------ Source information

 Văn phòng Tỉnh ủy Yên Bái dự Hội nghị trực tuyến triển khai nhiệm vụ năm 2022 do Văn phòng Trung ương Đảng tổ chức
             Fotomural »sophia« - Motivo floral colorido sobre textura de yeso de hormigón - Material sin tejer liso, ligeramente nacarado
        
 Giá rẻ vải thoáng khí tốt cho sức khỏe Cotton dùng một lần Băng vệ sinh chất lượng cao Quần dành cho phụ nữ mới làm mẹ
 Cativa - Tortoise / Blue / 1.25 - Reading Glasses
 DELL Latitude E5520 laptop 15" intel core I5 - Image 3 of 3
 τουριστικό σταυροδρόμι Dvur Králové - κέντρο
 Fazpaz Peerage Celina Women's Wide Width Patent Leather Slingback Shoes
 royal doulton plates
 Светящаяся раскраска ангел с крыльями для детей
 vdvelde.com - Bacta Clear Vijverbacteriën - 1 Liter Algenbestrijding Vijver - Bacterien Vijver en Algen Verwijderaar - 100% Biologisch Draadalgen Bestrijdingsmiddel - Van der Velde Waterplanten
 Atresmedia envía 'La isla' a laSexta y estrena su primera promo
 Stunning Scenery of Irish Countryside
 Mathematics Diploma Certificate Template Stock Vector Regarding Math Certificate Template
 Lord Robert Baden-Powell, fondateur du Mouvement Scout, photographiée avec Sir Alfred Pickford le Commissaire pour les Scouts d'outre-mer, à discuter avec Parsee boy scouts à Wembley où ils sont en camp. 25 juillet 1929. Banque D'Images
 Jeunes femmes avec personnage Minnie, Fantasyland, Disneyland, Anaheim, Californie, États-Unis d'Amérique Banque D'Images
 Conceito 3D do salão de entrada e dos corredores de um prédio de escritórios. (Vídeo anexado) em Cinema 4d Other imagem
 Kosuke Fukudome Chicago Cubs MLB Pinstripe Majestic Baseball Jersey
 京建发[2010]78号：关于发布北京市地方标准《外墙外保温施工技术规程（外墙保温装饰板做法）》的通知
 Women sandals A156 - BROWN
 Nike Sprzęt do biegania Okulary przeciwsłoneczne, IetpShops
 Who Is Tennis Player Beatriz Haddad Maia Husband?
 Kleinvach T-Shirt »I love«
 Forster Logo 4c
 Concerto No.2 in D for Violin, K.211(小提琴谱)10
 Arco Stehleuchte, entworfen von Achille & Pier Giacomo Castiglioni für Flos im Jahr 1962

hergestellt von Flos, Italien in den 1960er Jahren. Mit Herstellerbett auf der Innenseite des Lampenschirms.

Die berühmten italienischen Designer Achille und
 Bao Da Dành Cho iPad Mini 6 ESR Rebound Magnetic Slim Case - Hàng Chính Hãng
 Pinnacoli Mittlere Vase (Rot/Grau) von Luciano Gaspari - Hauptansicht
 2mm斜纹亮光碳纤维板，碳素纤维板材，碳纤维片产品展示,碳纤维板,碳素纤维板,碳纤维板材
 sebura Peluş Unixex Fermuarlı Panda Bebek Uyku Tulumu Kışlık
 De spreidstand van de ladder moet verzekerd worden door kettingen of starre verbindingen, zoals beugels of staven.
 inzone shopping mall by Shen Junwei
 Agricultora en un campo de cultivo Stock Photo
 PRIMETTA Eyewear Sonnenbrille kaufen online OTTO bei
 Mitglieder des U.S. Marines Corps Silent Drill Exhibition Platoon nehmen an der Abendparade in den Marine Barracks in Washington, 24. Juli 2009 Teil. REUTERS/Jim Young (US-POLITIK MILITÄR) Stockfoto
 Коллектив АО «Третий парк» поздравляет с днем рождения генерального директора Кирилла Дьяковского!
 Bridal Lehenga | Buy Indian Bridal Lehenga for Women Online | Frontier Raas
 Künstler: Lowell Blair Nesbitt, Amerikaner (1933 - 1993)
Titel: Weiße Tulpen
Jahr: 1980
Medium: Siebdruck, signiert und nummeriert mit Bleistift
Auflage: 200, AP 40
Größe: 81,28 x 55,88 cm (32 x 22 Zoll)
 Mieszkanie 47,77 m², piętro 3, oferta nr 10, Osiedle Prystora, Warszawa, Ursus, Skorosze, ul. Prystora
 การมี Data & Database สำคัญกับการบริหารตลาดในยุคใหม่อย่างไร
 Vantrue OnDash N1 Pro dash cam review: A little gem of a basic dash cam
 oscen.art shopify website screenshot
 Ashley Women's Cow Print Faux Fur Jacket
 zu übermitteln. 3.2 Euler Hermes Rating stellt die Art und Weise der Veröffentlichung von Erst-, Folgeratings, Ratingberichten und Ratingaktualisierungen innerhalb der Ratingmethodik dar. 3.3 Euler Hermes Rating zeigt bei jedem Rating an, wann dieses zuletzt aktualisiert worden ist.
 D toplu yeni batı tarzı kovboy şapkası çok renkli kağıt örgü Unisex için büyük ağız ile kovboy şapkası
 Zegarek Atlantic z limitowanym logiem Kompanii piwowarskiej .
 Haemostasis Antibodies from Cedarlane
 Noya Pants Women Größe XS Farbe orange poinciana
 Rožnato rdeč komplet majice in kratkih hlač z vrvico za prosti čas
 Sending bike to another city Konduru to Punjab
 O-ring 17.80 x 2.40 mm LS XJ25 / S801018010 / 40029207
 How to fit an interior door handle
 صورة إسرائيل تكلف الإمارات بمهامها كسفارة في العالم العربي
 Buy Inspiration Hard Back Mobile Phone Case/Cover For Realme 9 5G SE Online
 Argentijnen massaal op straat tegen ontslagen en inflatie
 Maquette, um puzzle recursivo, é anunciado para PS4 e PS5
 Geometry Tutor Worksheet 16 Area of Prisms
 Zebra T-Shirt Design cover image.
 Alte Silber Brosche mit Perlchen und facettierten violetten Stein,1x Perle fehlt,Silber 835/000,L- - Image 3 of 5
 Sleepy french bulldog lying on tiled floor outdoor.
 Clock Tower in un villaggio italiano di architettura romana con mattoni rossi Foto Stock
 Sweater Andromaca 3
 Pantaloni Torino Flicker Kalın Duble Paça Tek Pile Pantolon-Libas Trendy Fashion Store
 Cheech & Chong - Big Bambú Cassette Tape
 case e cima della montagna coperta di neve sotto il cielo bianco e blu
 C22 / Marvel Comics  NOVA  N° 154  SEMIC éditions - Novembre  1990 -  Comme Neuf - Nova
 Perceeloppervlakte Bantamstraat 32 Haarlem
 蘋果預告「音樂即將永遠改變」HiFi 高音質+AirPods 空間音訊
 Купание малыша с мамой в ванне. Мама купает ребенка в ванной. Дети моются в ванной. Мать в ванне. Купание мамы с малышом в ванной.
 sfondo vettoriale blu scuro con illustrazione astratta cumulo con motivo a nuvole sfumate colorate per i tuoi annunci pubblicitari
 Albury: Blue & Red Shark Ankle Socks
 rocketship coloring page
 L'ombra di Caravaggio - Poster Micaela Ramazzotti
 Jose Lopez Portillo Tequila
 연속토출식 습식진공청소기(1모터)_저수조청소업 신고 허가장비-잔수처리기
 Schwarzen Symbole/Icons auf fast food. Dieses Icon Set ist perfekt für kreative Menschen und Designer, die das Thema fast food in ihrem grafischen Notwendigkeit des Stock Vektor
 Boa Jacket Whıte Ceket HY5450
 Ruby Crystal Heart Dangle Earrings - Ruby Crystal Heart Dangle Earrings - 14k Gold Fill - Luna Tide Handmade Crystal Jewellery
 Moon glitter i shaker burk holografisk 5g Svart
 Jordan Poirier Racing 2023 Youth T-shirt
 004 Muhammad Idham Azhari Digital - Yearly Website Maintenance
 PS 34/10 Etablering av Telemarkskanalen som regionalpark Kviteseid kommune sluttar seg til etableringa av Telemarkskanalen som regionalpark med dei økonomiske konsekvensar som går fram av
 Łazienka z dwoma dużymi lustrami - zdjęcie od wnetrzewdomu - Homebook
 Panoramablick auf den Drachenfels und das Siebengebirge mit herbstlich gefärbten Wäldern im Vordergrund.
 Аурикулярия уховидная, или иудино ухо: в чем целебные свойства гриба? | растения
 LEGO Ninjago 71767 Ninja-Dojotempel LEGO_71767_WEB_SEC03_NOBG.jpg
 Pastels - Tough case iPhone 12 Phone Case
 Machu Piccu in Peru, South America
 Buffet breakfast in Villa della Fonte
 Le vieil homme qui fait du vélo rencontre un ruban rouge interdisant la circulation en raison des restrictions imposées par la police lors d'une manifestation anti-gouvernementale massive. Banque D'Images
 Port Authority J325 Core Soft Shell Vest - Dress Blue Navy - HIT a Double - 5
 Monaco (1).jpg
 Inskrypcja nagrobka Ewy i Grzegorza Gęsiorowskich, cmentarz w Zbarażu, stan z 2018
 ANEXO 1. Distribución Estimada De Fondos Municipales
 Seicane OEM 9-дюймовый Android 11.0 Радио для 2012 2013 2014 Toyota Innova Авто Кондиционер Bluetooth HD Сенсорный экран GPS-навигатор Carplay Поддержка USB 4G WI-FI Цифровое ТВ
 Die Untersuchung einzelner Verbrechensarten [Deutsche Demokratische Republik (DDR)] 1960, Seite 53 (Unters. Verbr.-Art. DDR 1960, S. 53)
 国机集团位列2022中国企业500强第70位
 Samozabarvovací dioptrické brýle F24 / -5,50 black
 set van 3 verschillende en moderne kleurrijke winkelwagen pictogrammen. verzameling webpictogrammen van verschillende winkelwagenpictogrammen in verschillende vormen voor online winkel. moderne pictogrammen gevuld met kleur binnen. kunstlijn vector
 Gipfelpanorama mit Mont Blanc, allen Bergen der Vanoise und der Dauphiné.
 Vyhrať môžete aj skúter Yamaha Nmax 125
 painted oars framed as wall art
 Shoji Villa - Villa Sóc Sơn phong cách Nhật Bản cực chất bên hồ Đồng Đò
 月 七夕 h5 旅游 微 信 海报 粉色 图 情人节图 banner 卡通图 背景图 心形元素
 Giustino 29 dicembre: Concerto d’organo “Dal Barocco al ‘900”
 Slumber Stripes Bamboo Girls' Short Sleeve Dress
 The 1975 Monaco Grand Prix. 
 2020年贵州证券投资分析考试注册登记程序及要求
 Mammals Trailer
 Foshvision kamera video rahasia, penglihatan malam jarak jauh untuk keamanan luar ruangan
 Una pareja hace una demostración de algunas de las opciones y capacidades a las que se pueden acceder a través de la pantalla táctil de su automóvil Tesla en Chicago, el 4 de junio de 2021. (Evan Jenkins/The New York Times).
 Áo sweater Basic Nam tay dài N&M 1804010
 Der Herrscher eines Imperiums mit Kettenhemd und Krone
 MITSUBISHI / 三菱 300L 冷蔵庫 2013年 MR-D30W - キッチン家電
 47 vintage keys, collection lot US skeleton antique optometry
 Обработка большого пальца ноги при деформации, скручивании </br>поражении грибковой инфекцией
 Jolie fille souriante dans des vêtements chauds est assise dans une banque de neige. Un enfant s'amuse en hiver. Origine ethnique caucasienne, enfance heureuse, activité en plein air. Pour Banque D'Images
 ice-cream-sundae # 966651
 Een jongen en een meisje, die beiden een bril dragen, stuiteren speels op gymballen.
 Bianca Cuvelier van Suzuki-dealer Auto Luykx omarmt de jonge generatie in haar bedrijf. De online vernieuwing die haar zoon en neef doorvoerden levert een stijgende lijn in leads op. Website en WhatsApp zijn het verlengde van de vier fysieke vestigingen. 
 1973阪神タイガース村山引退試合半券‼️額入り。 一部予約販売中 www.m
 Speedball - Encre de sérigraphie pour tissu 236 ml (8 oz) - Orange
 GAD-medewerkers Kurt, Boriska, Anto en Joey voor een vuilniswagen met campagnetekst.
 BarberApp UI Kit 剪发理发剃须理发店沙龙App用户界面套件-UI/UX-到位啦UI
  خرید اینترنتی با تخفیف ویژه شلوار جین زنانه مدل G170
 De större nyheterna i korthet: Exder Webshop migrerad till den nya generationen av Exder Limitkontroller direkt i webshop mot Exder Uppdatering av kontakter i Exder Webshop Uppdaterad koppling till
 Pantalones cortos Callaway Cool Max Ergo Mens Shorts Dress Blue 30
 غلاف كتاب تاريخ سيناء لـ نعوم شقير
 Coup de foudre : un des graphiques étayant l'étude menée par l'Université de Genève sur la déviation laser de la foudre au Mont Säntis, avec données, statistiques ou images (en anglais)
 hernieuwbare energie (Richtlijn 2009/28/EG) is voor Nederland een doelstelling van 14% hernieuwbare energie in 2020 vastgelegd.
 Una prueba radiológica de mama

------------

Task objective »
Keeping every character as it is, restate the lines above that run from the line with "set van 3 verschillende" through the line with "Slumber Stripes Bamboo", both included, and nothing else.

Expected answer »
 set van 3 verschillende en moderne kleurrijke winkelwagen pictogrammen. verzameling webpictogrammen van verschillende winkelwagenpictogrammen in verschillende vormen voor online winkel. moderne pictogrammen gevuld met kleur binnen. kunstlijn vector
 Gipfelpanorama mit Mont Blanc, allen Bergen der Vanoise und der Dauphiné.
 Vyhrať môžete aj skúter Yamaha Nmax 125
 painted oars framed as wall art
 Shoji Villa - Villa Sóc Sơn phong cách Nhật Bản cực chất bên hồ Đồng Đò
 月 七夕 h5 旅游 微 信 海报 粉色 图 情人节图 banner 卡通图 背景图 心形元素
 Giustino 29 dicembre: Concerto d’organo “Dal Barocco al ‘900”
 Slumber Stripes Bamboo Girls' Short Sleeve Dress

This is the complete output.